Почувствовала его язык, вкус губ. Выдохнула, и застонала, стоило ему вновь оказаться внутри. Гладила его плечи, царапала и подавалась к нему, быстрее и быстрее, резче и резче. Прижималась, не выпуская, чувствовала вкус крови – его или своей – было уже не понять.

С нажимом он провёл до самого бедра, подхватил под коленкой левую ногу и согнул. Проникновения стали настолько глубокими, что нутро раскалилось до предела. Он впечатывался в меня, не жалея, не делая мне скидку, но я и не хотела этого. Влажные удары тел, звук непрекращающихся поцелуев, его мокрые от пота плечи…

— Sì ... sì ... Oh mio Dio! Prego... (Да… Да… О, Боже… Пожалуйста… - пер. с итал.)

Обхватила его лицо, провела губами по скуле, укусила и лизнула. Движения Макса стали такими резкими, что в голове всё плыло, воздух сгустился вместе с темнотой, стал липким и вязким. Запах Макса, запах секса, запах наших тел. Лизнула его ухо, шею. Он вошёл так глубоко, что я громко закричала, рванула ногтями по его коже.

— Сегодня тебе придётся обойтись без сладкого, — зашипев, он согнул ногу ещё сильнее и несколько раз ударился в меня. Слизал с моей шеи капли испарины. Его сильное тело напряглось, мышцы под моими пальцами скрутились жгутами. Толчок, ещё один и ещё. Так быстро, так сильно, что я заметалась, забилась под ним. Потеряла себя в пламени его рук, в его жарком шёпоте.

— Да-а-а, — просипел он. Резко отстранился, и в то же мгновение тёплая струя спермы брызнула мне на живот.

Сгустившийся сильнее запах страсти заполнил собой лёгкие, опьянил, и я, облизнув губы, откинулась на диван. Дотронулась до болезненной груди, до твёрдого соска и застонала. Тело ныло, желание, так и не нашедшее выход, струилось во мне, выворачивало меня, но я понимала – не сегодня. Провела ладонью ниже и тронула живот. Ощутила на пальцах то самое тёплое и снова застонала.

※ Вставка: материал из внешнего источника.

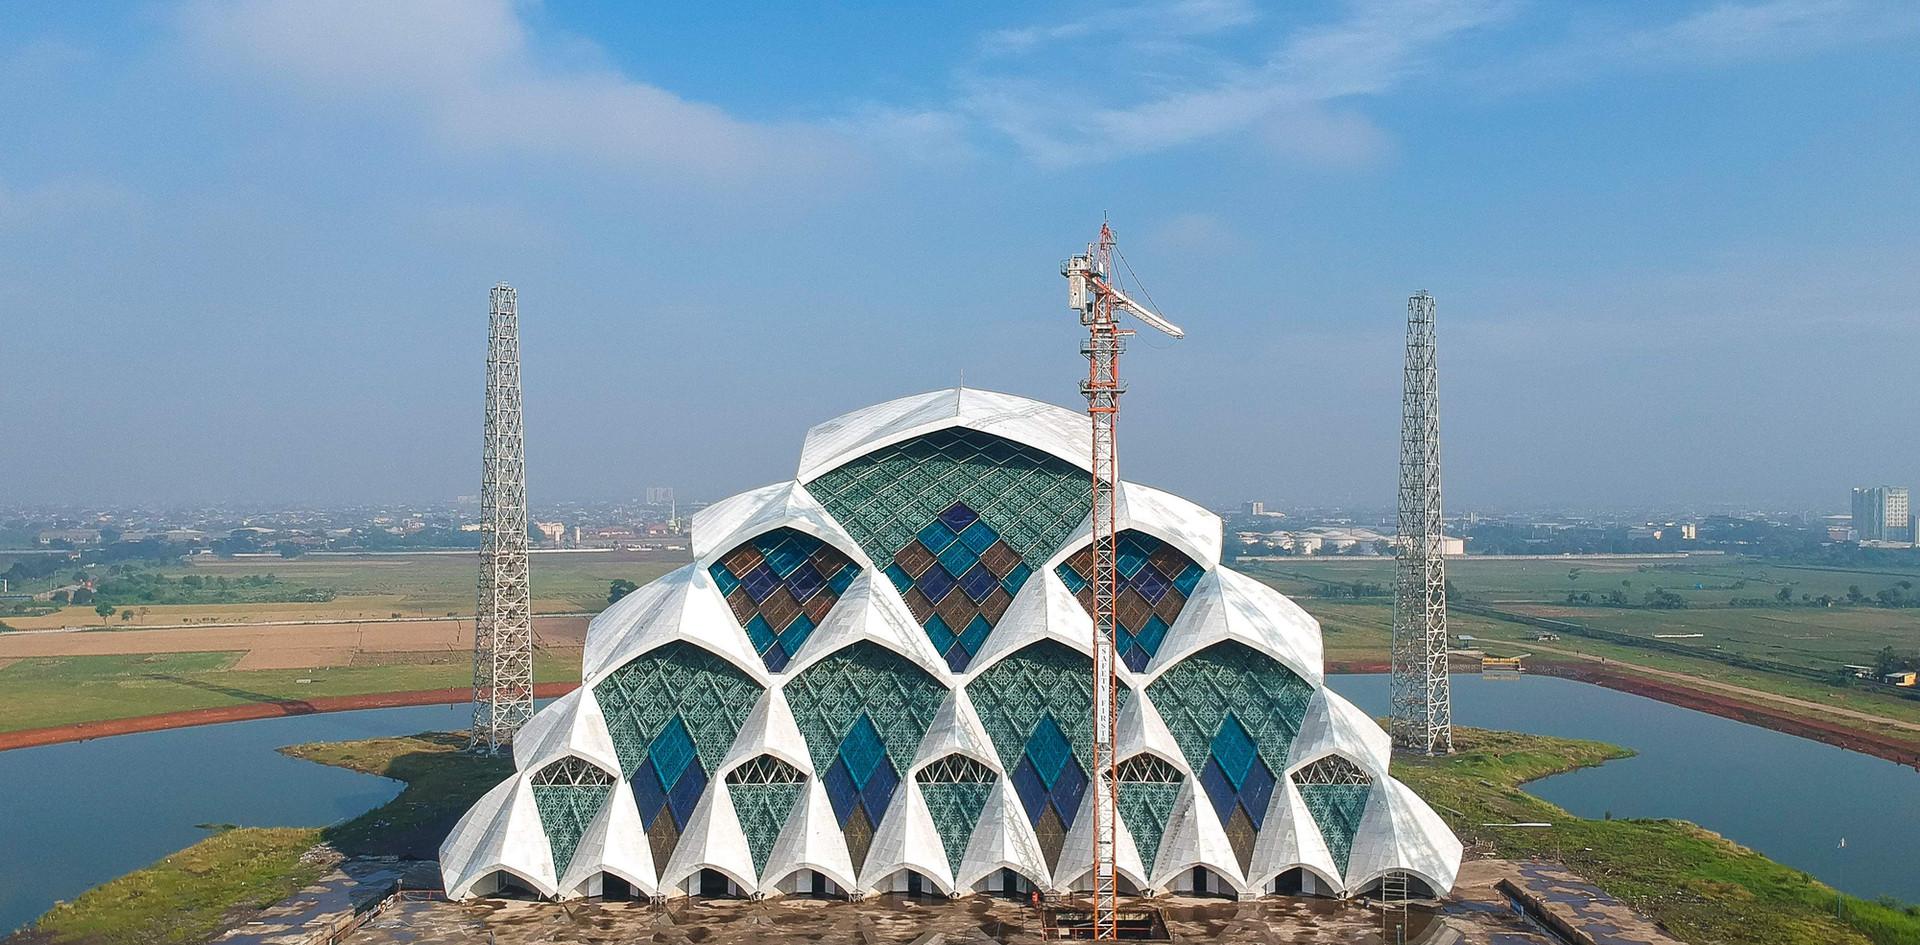 Masjid Raya Al-Jabbar
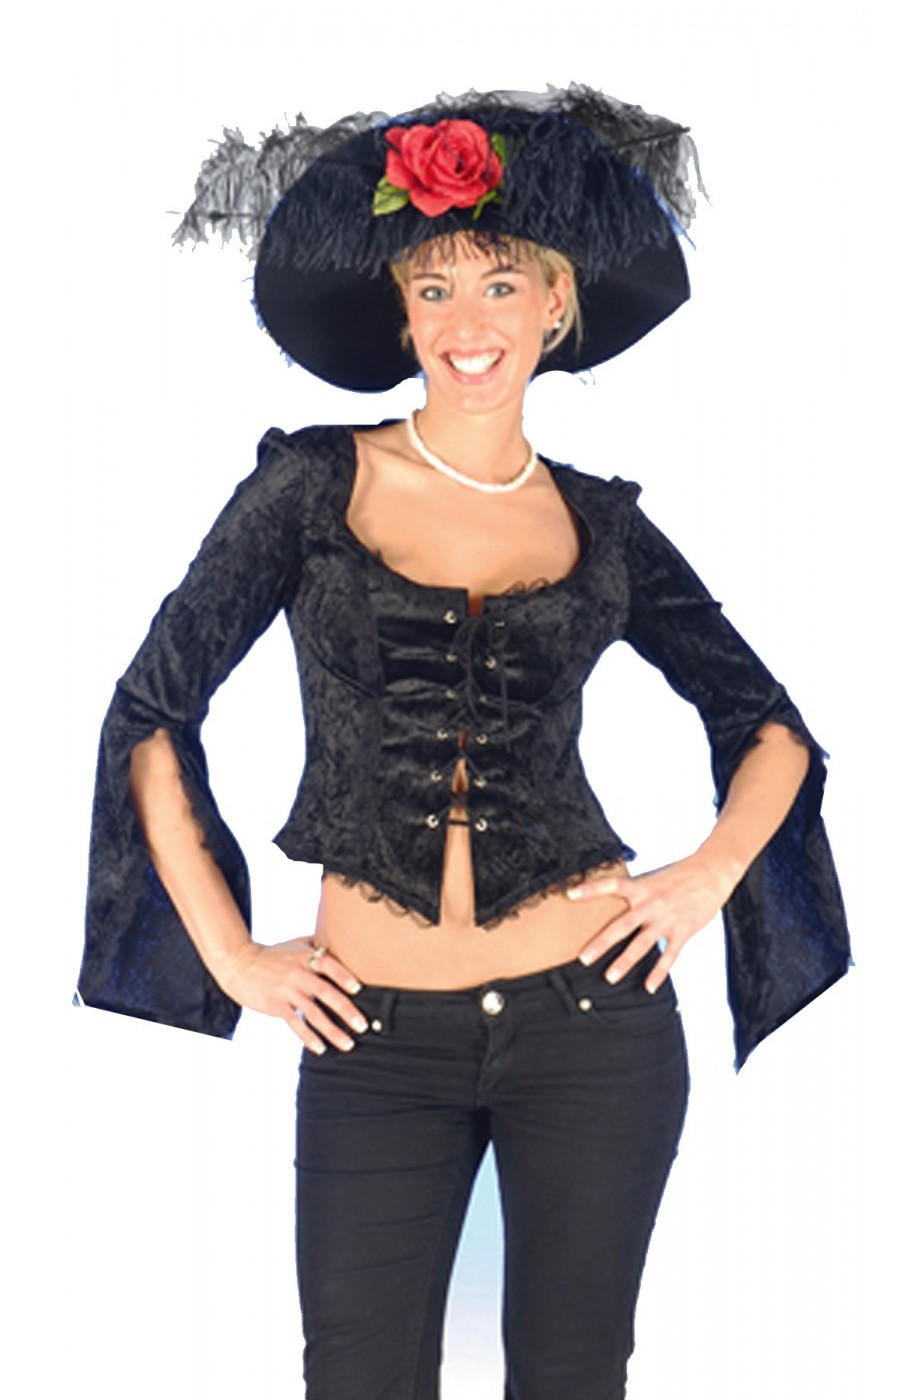 Camicia donna nera pirata/800/burlesque/strega

— Да, девочка. — Макс прижал мою руку и заставил размазать сперму по коже, а после поднёс пальцы к моим губам. – Давай, — подтолкнул руку, и я покорно слизала её. Почувствовала его вкус и, абсолютно дезориентированная, изогнулась.

— Макс… — захныкала.

Он выпустил мою кисть и, навалившись, поцеловал. Всё так же грубо, жёстко, но как-то по-новому, прижимая к себе, поглаживая плечи. По телу моему разлилось странное удовлетворение. Я знала, что ему хорошо, самой своей женской сущностью чувствовала это. Провела ладонью вдоль его позвоночника, опустилась к ягодицам и сжала.

— Eppure sei un disgustoso bastardo (И всё-таки ты отвратительный мерзавец – пер. с итал.), — шепнула на выдохе ему в губы.

— Марика…  — услышала предупреждающий рык и потихоньку, рвано засмеялась.

— Disgustoso ... molto disgustoso. (Отвратительный… Самый отвратительный – пер. с итал.)

Прежде, чем он успел что-либо сказать, сжала его волосы и, выгнувшись, откинула голову, подставляя шею его губам, его языку. Закрыла глаза и, чувствуя, как он трётся щетиной о мою кожу, схватила ртом глоток воздуха.

13. 13

Марика

Стоя возле огромного панорамного окна я сквозь марево бледно-розового рассвета смотрела на засыпающий город. Огни, коими он переливался ночью, постепенно угасали, клубы и казино провожали последних посетителей. Обхватила ладонями чашку и сделала глоток чёрного кофе. Укутанная в огромный халат Макса, я чувствовала его запах и невольно вспоминала случившееся ночью. Сожаления я не испытывала, более того, понимала, что где-то в глубине души рада, что моим первым стал не Иван, а Макс. Почему? На этот вопрос ответить мне было сложно.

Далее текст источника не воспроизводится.